The twenty-first century has been an efflorescence of computer-based regression techniques which are integrated into the course based on the statistical software package R.

The overall goal of the course is twofold: to acquaint students with the statistical methodology of regression modeling and to develop advanced practical skills that are necessary for applying regression analysis to a real-world data analytics problem. The course is lectured and examined in English.

Recommended prerequisites

  • SF1901 or equivalent course of the type 'a first course in probability and statistics'.
  • Multivariate normal distribution (to the extent of SF2940, probability theory).
  • Basic differential and integral calculus, basic linear algebra.

Examination

  • Computer projects (3.0 cr): there are two compulsory computer projects that are to be submitted as written reports. Each report should be written by a group of two (2) students, although individual reports are also accepted. The computer projects will be graded with Pass/Fail.
  • The written exam (4.5 cr): the exam will be held on Tuesday 11th March 2025, 08.00- 13.00. The exam (4.5 cr) consists of 6 problems, every problem counts for a total of 6 points. The preliminary score needed to pass the exam is 18.
  • Final grades for the whole course are set according to the quality of the written examination. Grades are given in the range A-F, where A is the best and F means failed. Fx means that you have the right to a complementary examination (to reach the grade E). The criteria for Fx is a grade F on the exam, and that an isolated part of the course can be identified where you have shown a particular lack of knowledge and that the examination after a complementary examination on this part can be given the grade E.
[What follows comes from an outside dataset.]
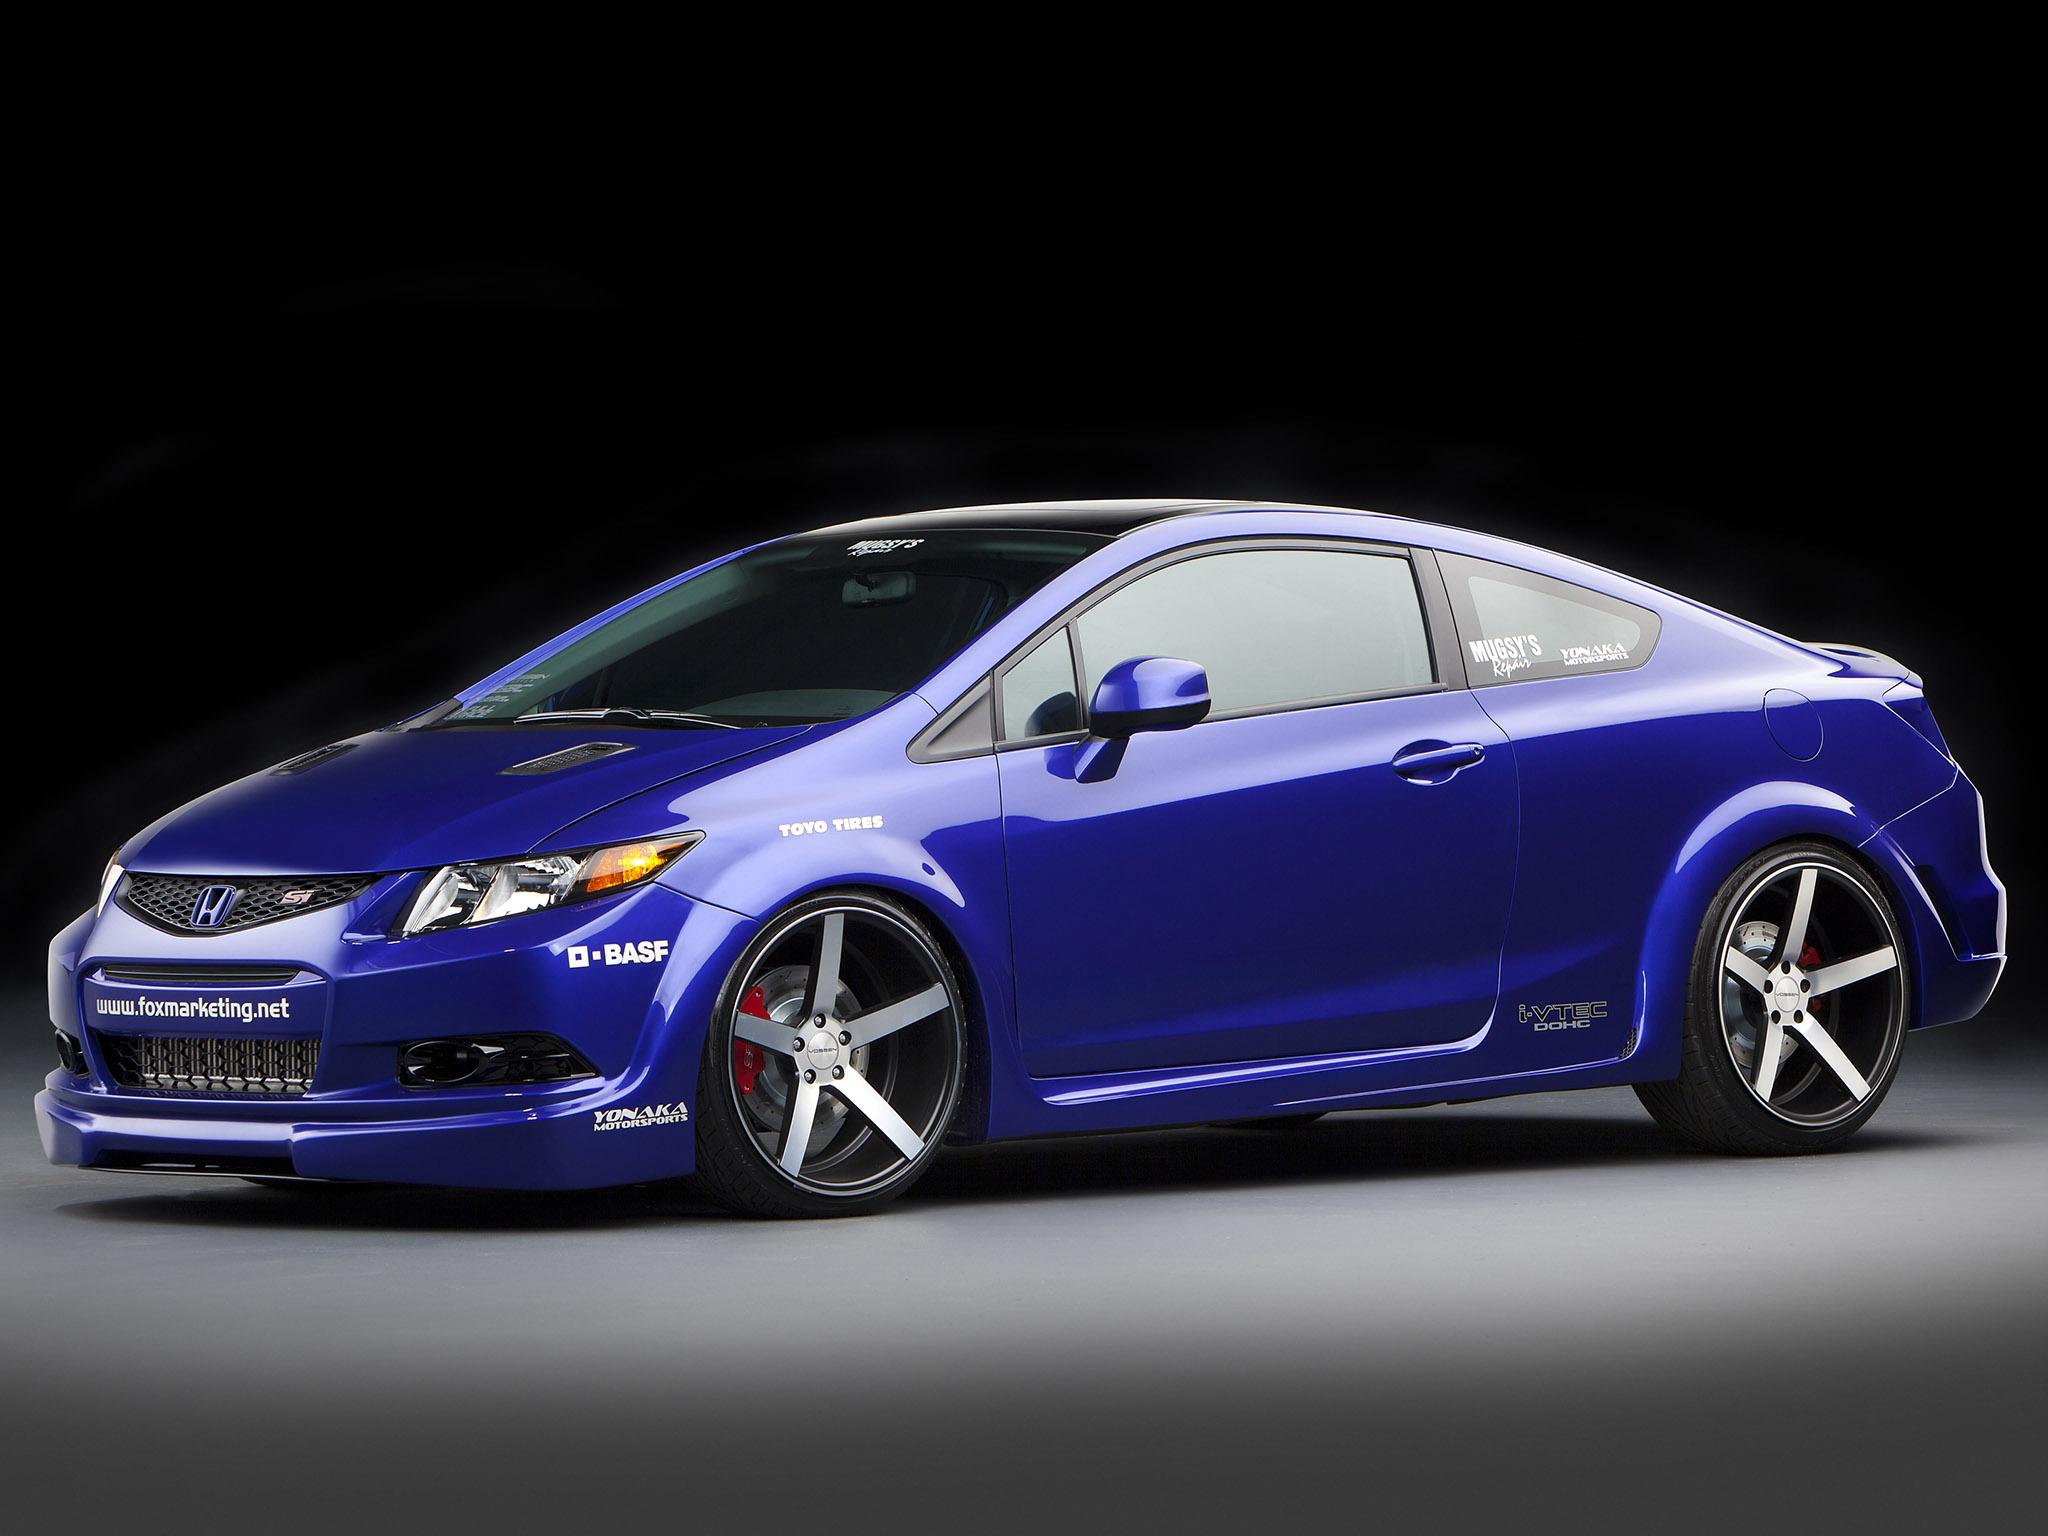 2011 Honda Civic Si Coupe tuning wallpaper  2048x1536  110927

GRADE LIMITS (BETYGSGRÄNSERNA) 

  • A:    34-36
  • B:    30-33
  • C:    26-29
  • D:    22-25
  • E:    18-21
  • Fx:  15-17 
  • F:    < 15 

Written Exam Guidelines

Approximately two weeks before the exam, a list of around 36 questions (the "Exam Generator") will be provided to guide your preparation. The written exam will consist of six (6) of these questions (or slightly modified versions), with each question worth six points.

You can prepare answers and solutions by thoroughly studying the relevant chapters in the course textbooks. Be aware that derivations and concepts covered on the board during lectures are also part of the exam material. Additionally, proficiency in fundamental calculus, probability, linear algebra, and matrix calculus is essential.

The same set of preparatory questions (with potential minor adjustments such as removals or additions) will apply to the re-exam. Consequently, we will not be distributing a solutions manual.

Please note that no additional formula sheets, notes, or textbooks will be allowed in the exam. However, some relevant formulas required for solving exam questions will be provided in the exam sheet.